# Required action
Repeat the listing that follows, character for character, minus the pictures.

(Material provided begins)

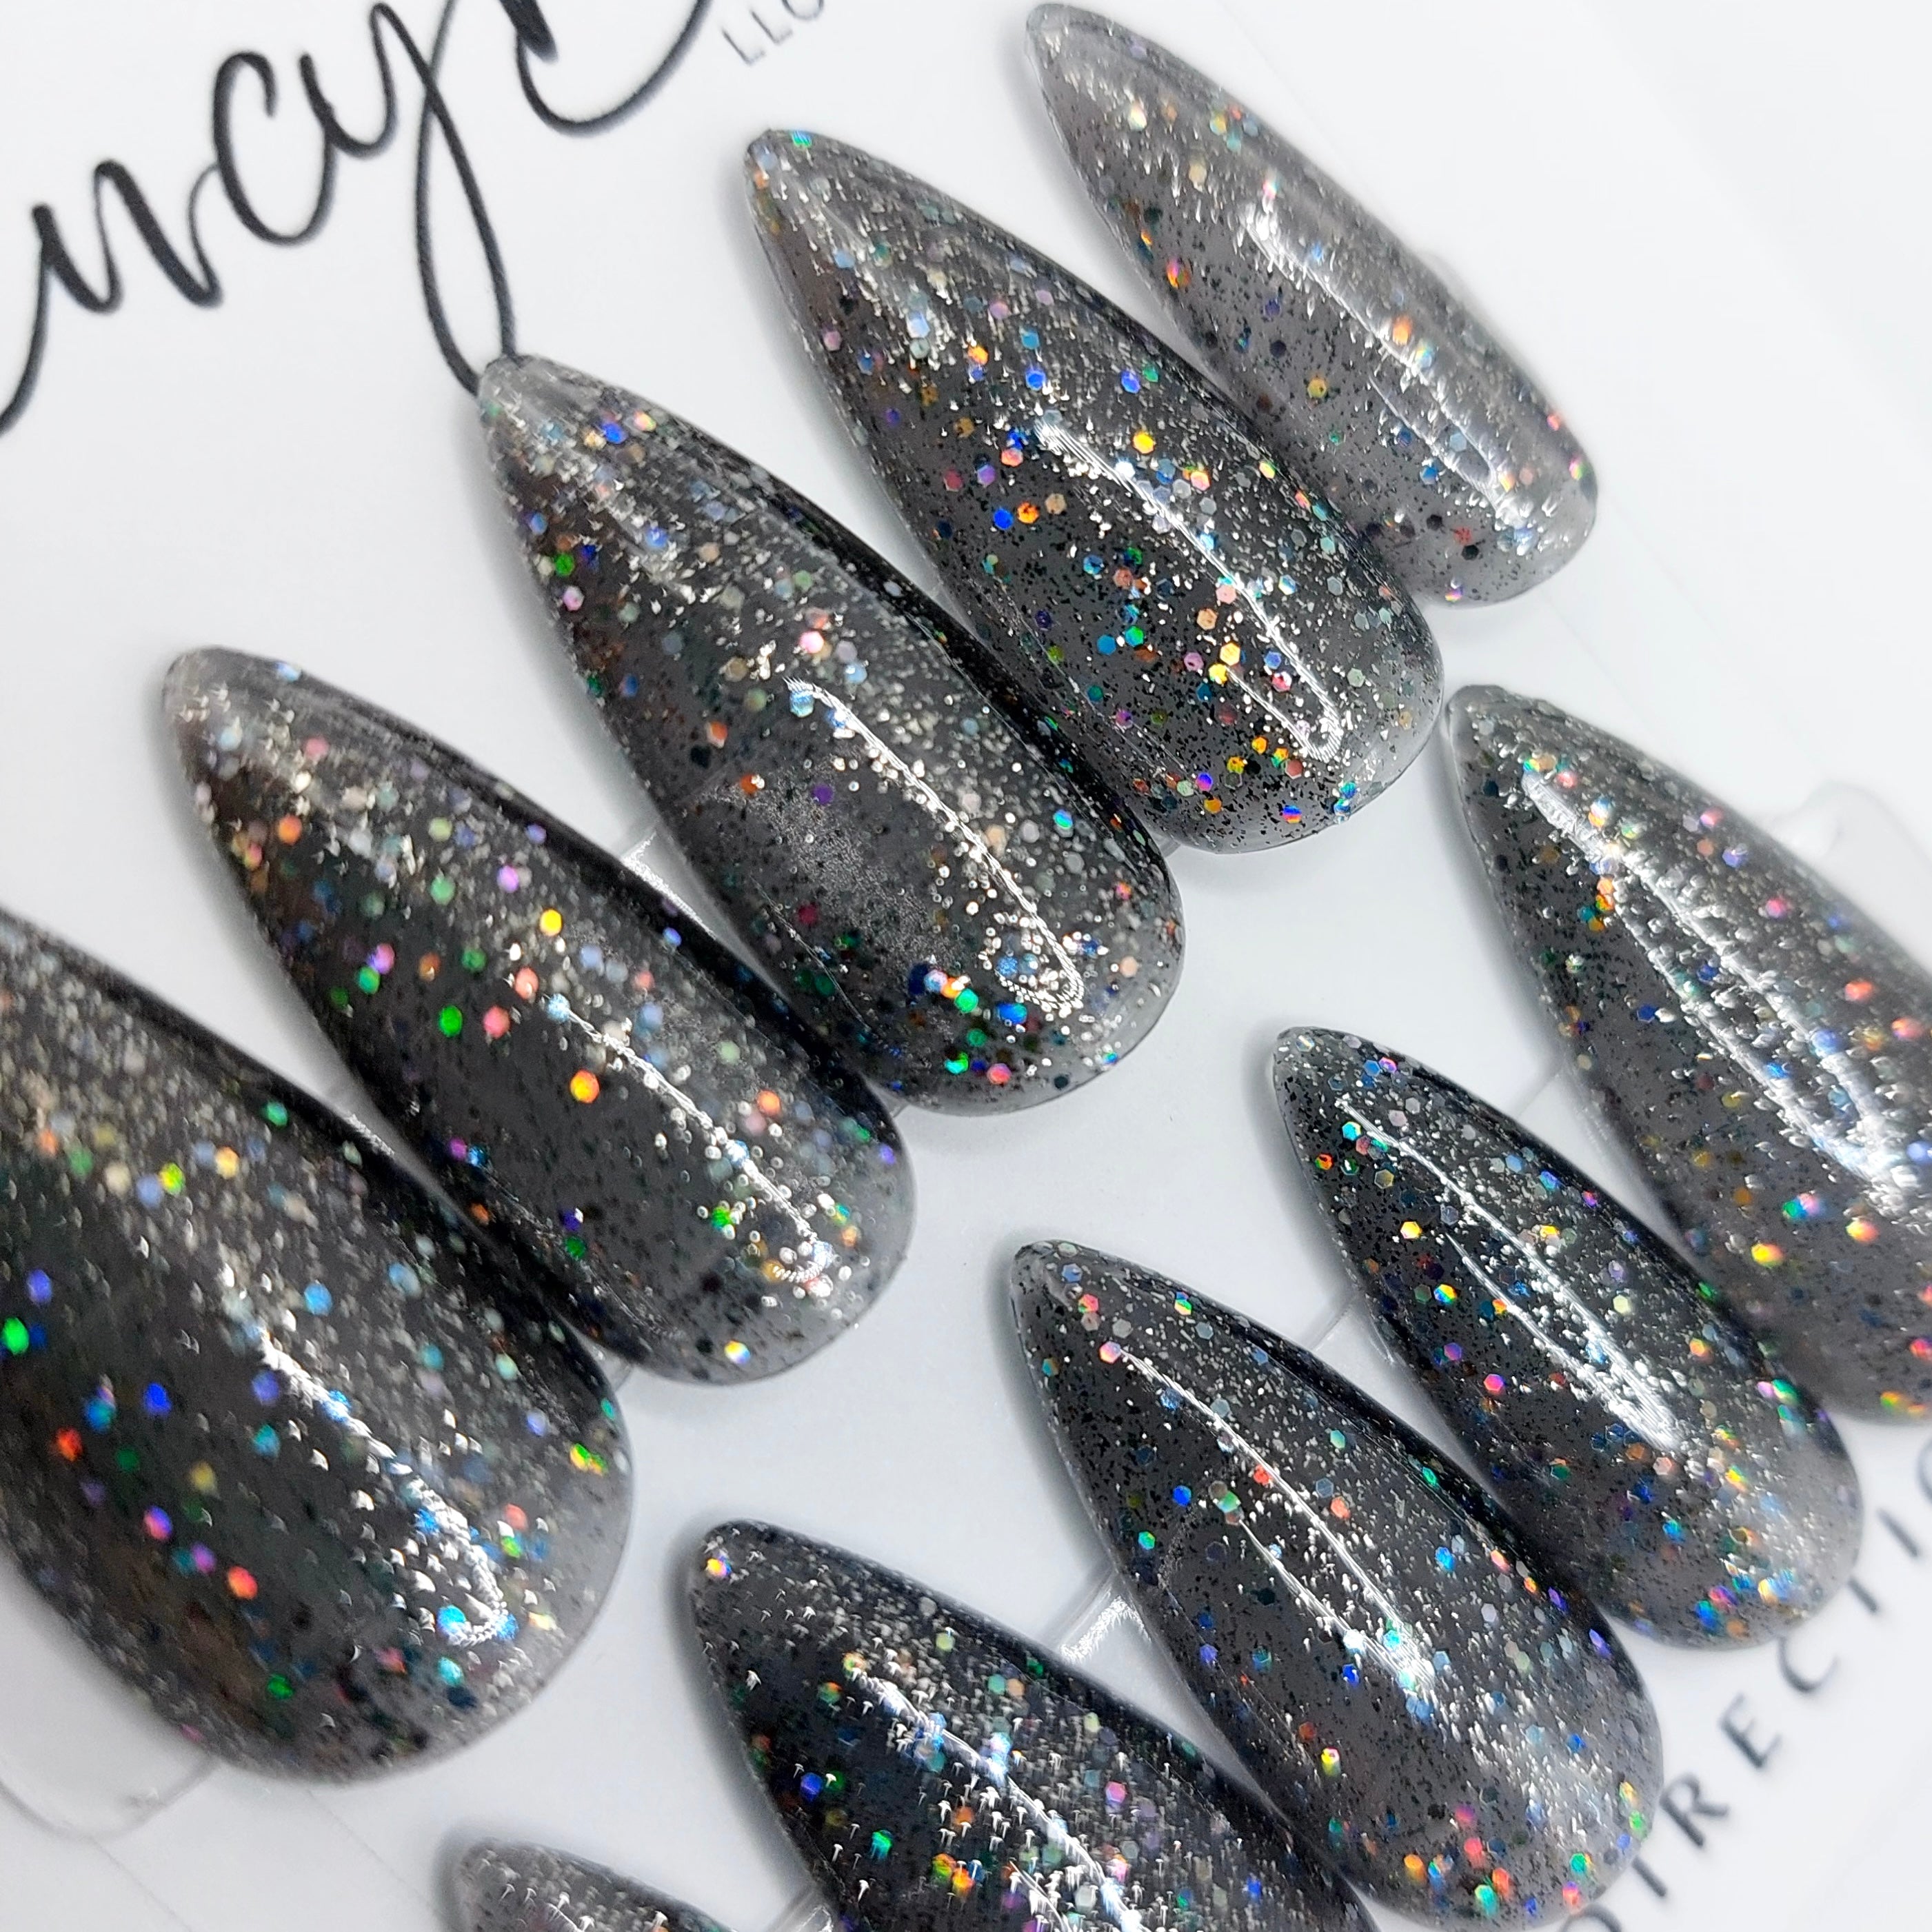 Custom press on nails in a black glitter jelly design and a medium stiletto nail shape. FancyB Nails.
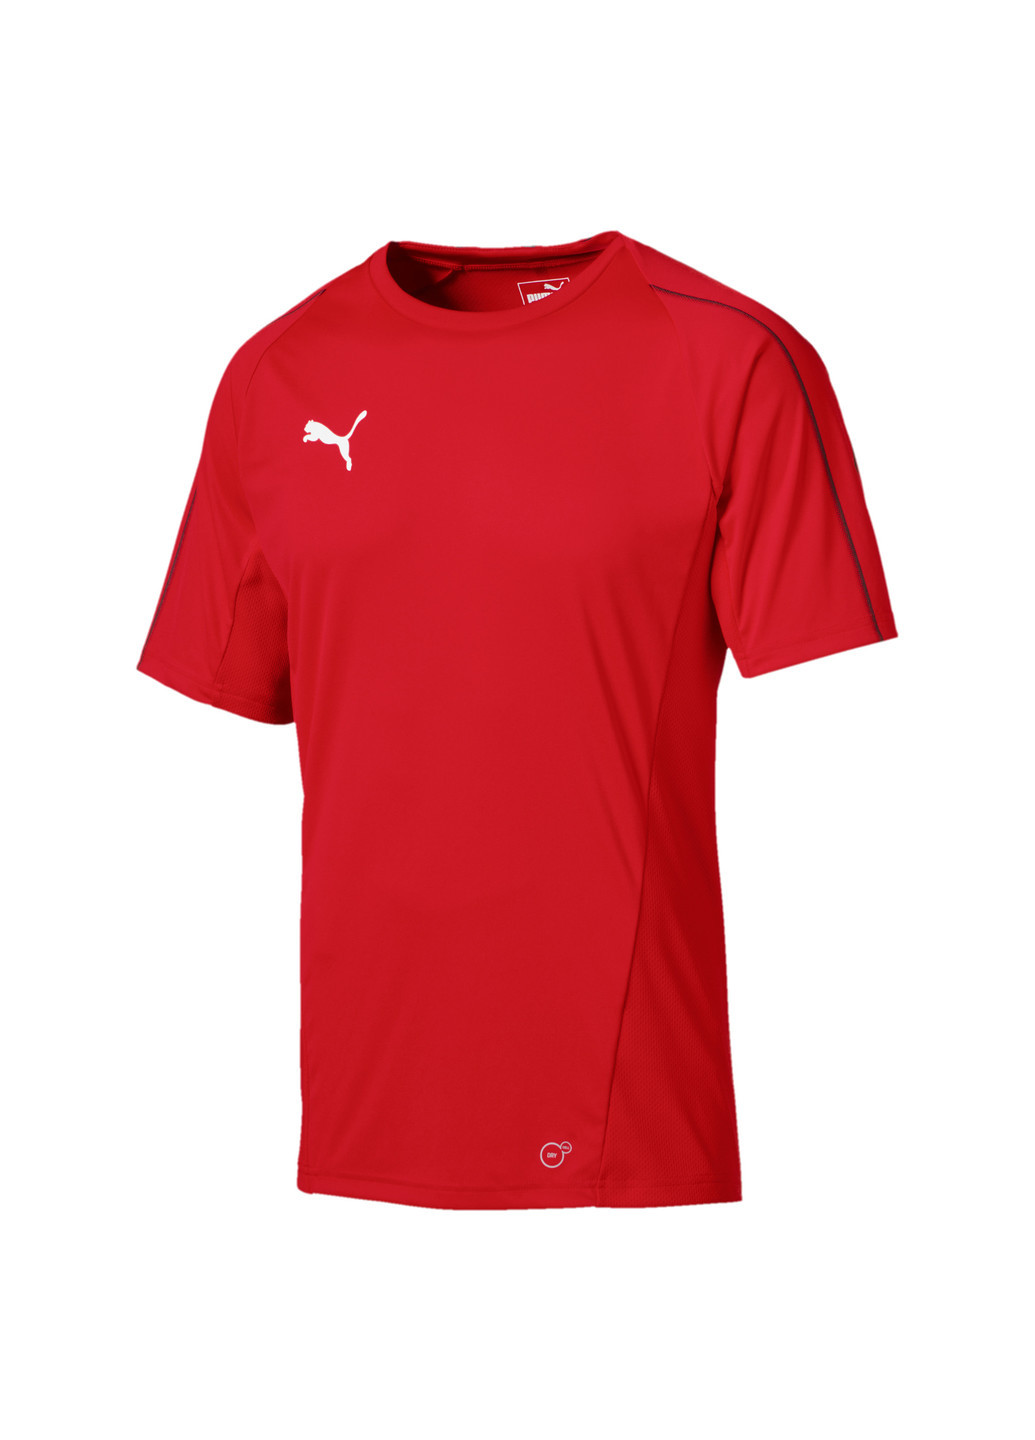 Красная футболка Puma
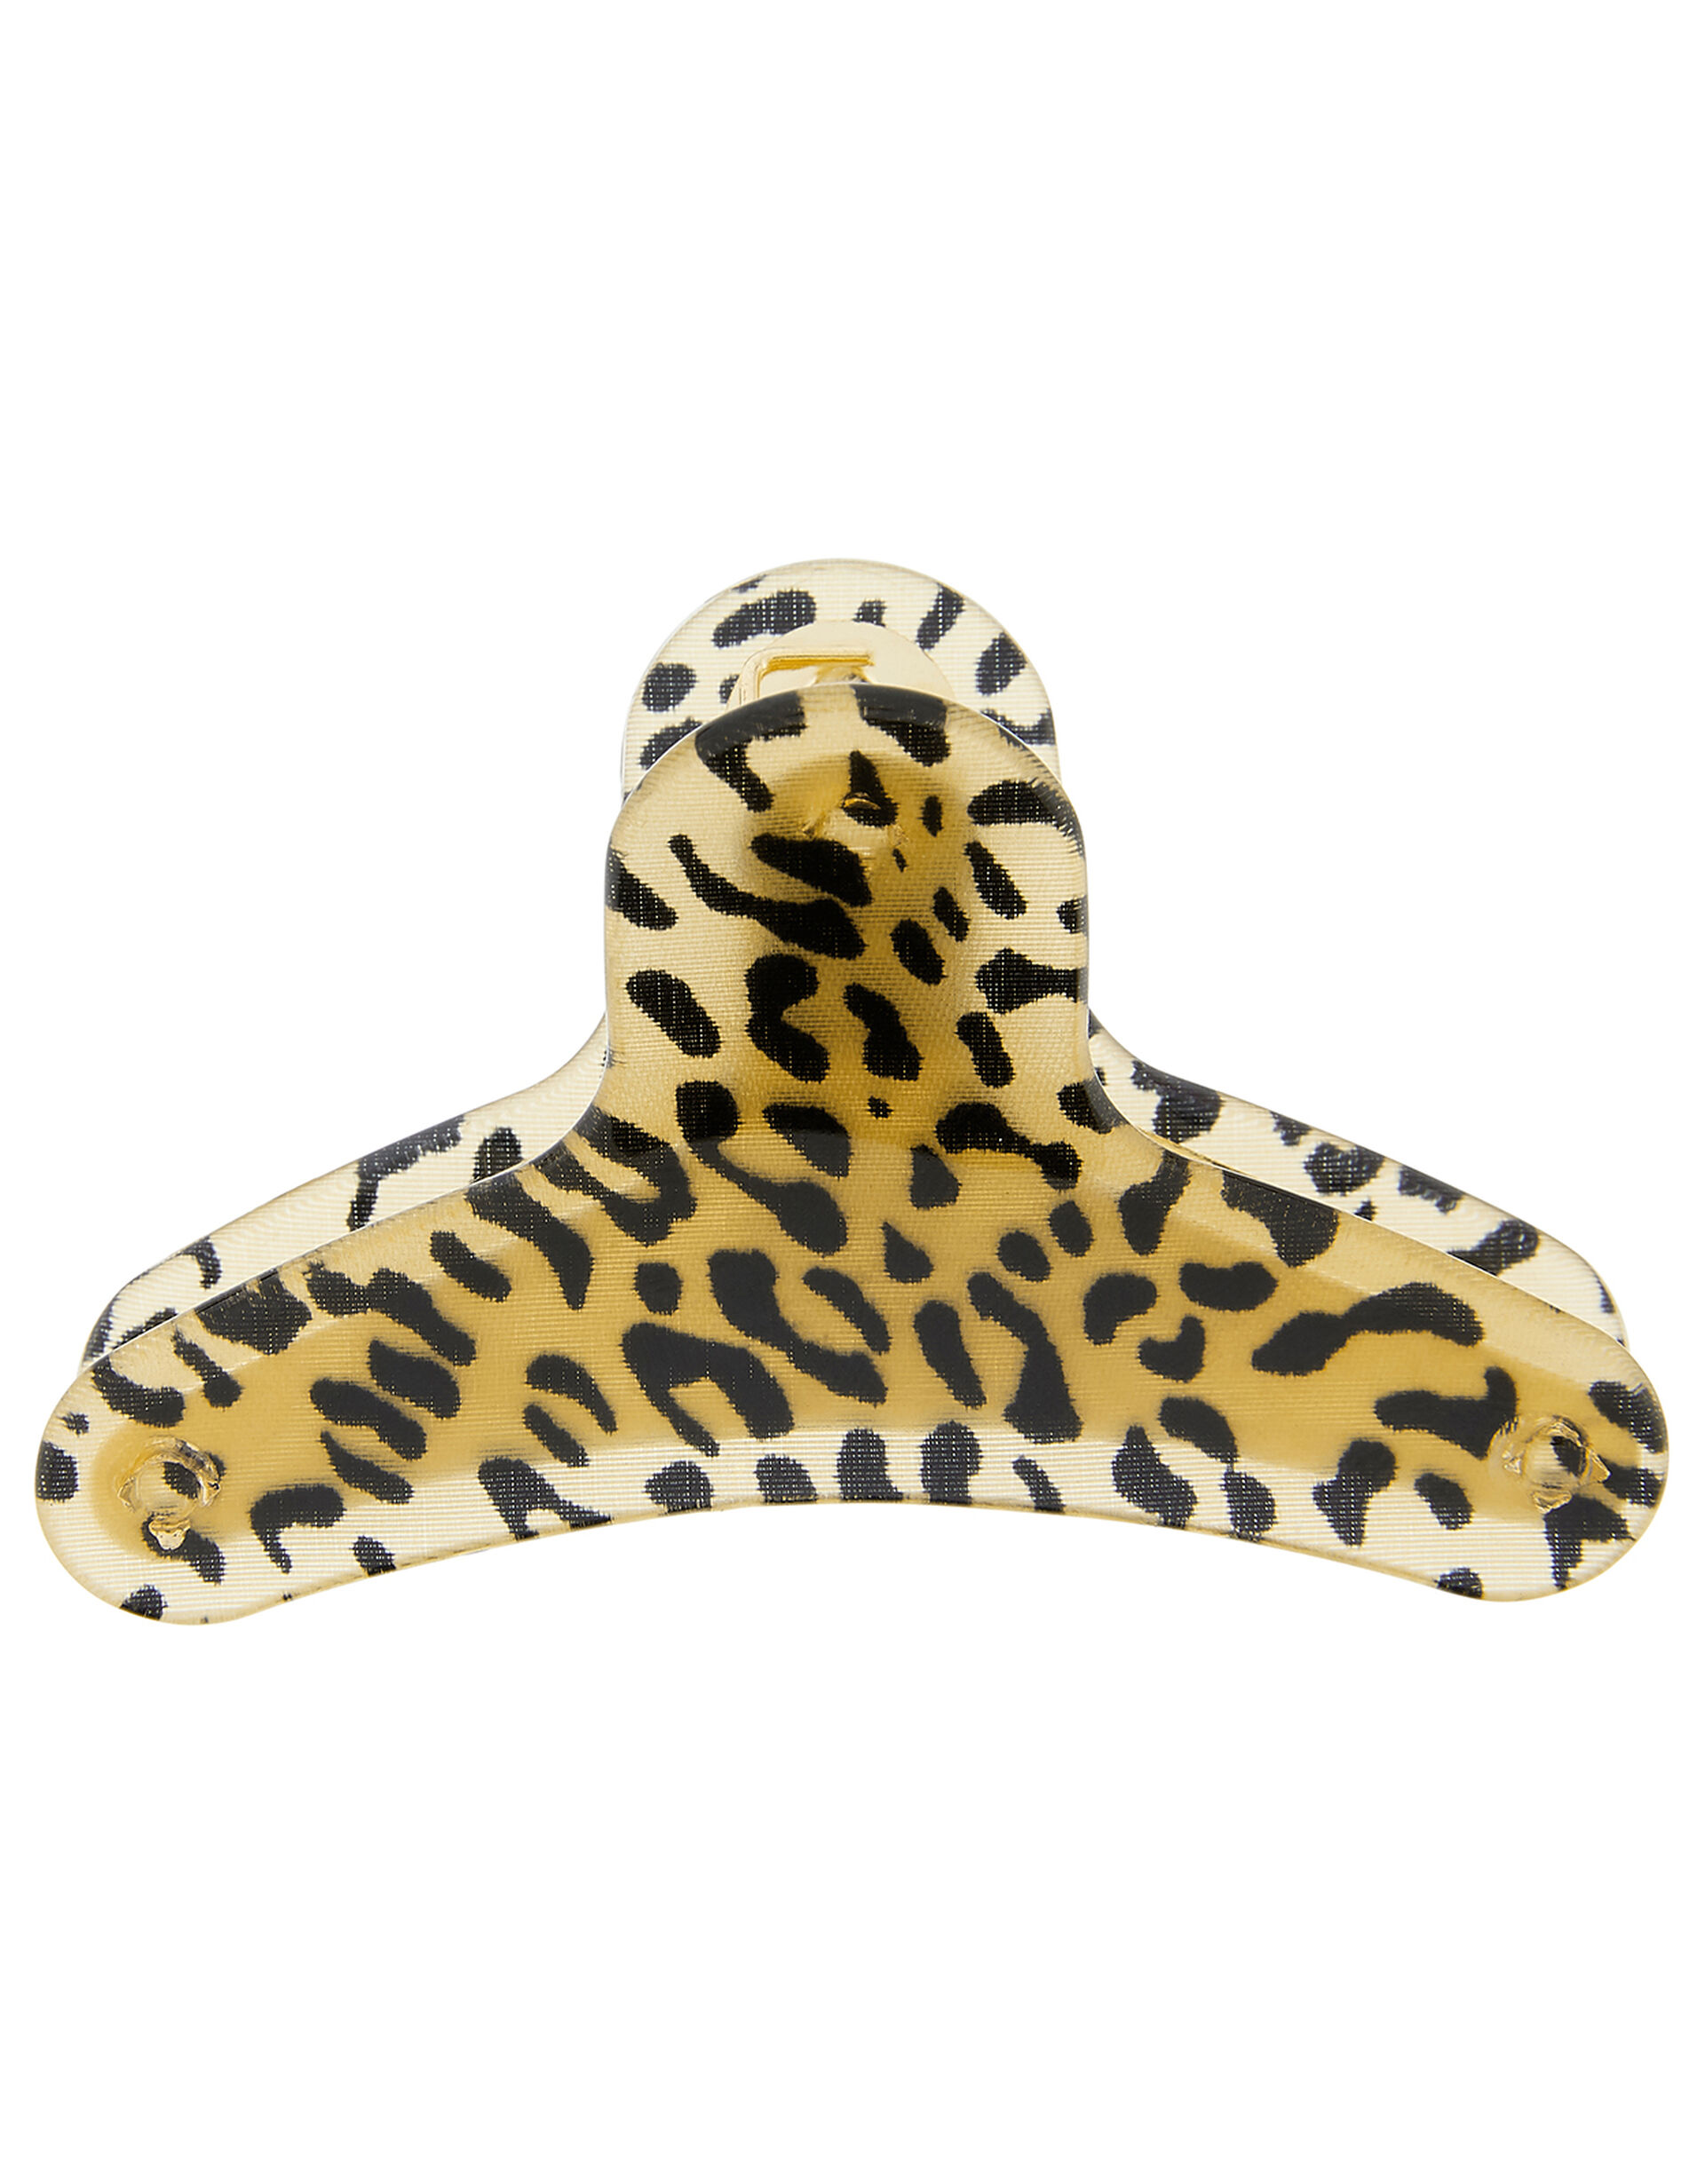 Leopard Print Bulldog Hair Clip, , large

(Material provided ends)

# Solution to this exercise
 Custom press on nails in a black glitter jelly design and a medium stiletto nail shape. FancyB Nails.
 Красная футболка Puma
 Leopard Print Bulldog Hair Clip, , large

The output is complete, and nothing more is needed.